Going forward, the management plans to focus on new online initiative to digitalize and monetize the company's offline customer traffic and consumer insights to strategically collaborate with more stakeholders in the automotive value chain, allowing OEMs and dealers to effectively reach customers, meanwhile provide more transparency to improve consumer's shopping experience.
A Perfect Storm Where Existing Industry Challenges Met with COVID-19 Outbreak
China's auto sales have been experiencing an extended downward trend as illustrated below. Despite the rate of decline further eased in the fourth quarter of 2019, only to be countered by the COVID-19 outbreak, evidenced by the spike in YoY decline of ~19% in January 2020, with the remaining 1Q2020 expected to get hit even harder. Overall, the total auto unit sales in China retracted by 8.1% in 2019 from 2018, and Jan 2020 marked the consecutive 19th month of downturn in unit sales.
COVID-19 Pandemic Business Impact and Contingent Plans
On the back of COVID-19 epidemic in China, the Company announced on January 30 and February 26 the suspension of all auto shows and special promotion events, previously scheduled for February and March. In light of continuous containment efforts set forth by the government, management believes it is in the best interest of the public health to continue suspending the majority of the Company's offline sales events in April, with a gradual recovery expected in May and June contingent on the evolving development of the pandemic. Consequently, both financial and operating results for 1Q-2020, as well as for the most part of 2Q-2020 are expected to be materially impacted. The Company will continue to closely monitor both the pandemic and subsequent mandatory regulations.
Share Repurchase Program
On the Company's share repurchase program, wherein up to US$20 million worth of the Company's ADS shares are authorized to be executed over a maximum 12-month period starting on June 17, 2019, TuanChe had repurchased 427,738 ADSs at a valuation of approximately US$2 million under this program up to December 31, 2019.

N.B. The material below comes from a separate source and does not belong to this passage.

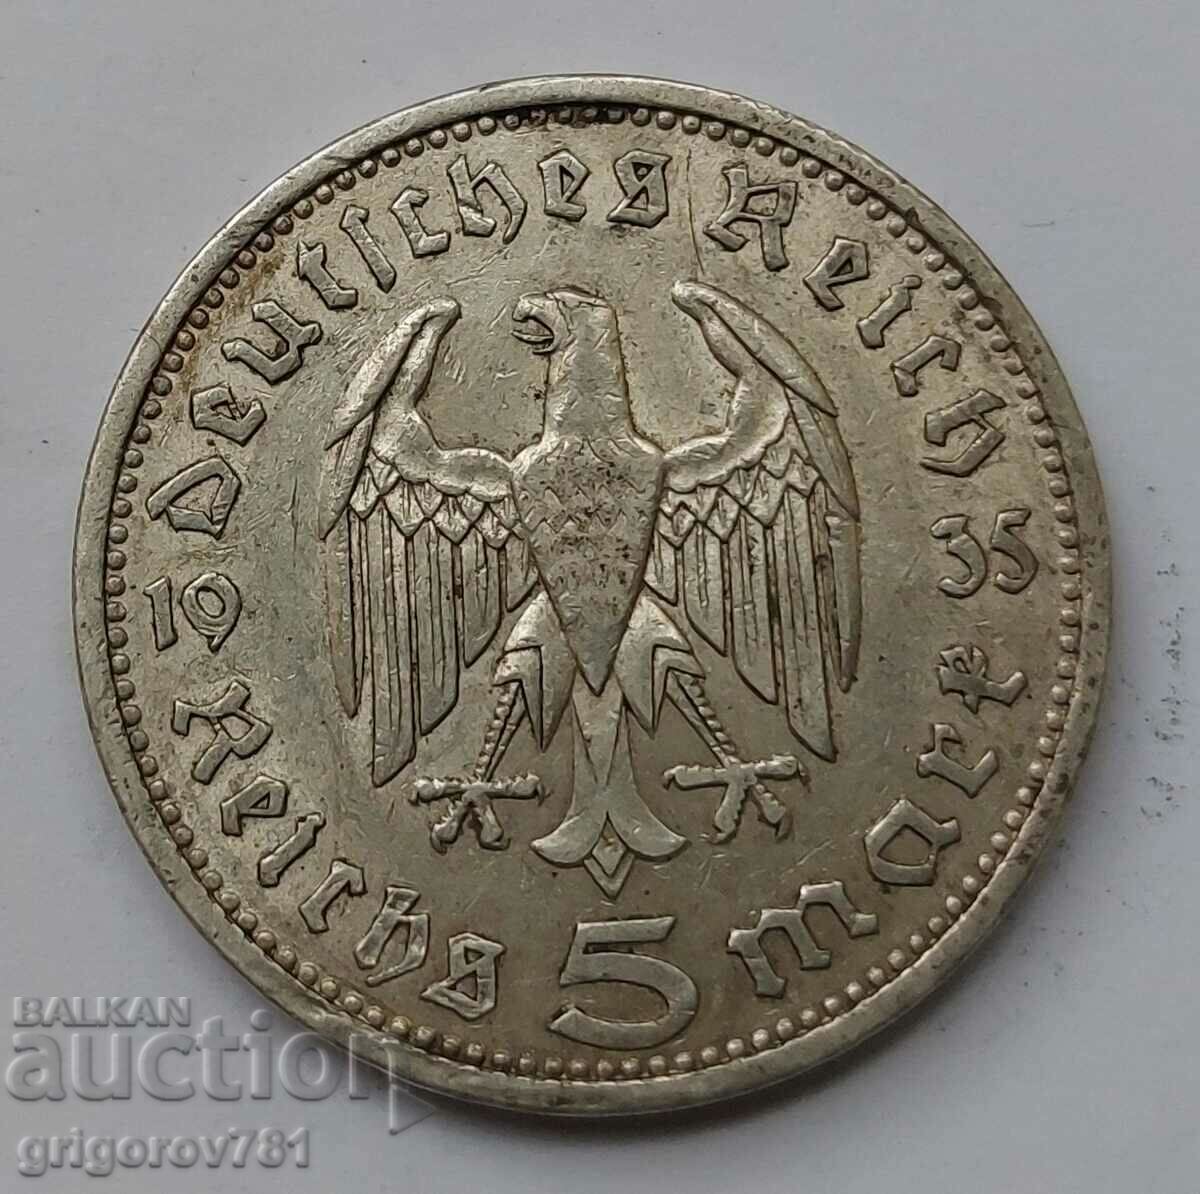 5 Mark Silver Germany 1935 A III Reich Silver Coin #90

TuanChe initially announced its plan to acquire Longye International Limited on June 3, 2019. The acquisition was completed in January 2020, and the company had partially consolidated Longye's financial results starting on January 13, 2020.
DISCLOSURES AND DISCLAIMERS
Stone Street received a flat fee from or on behalf of the Company for the creation and dissemination of the report. Stone Street has not received investment banking income from the Company in the past 12 months, and does not expect to receive investment banking income from the Company in the next 12 months.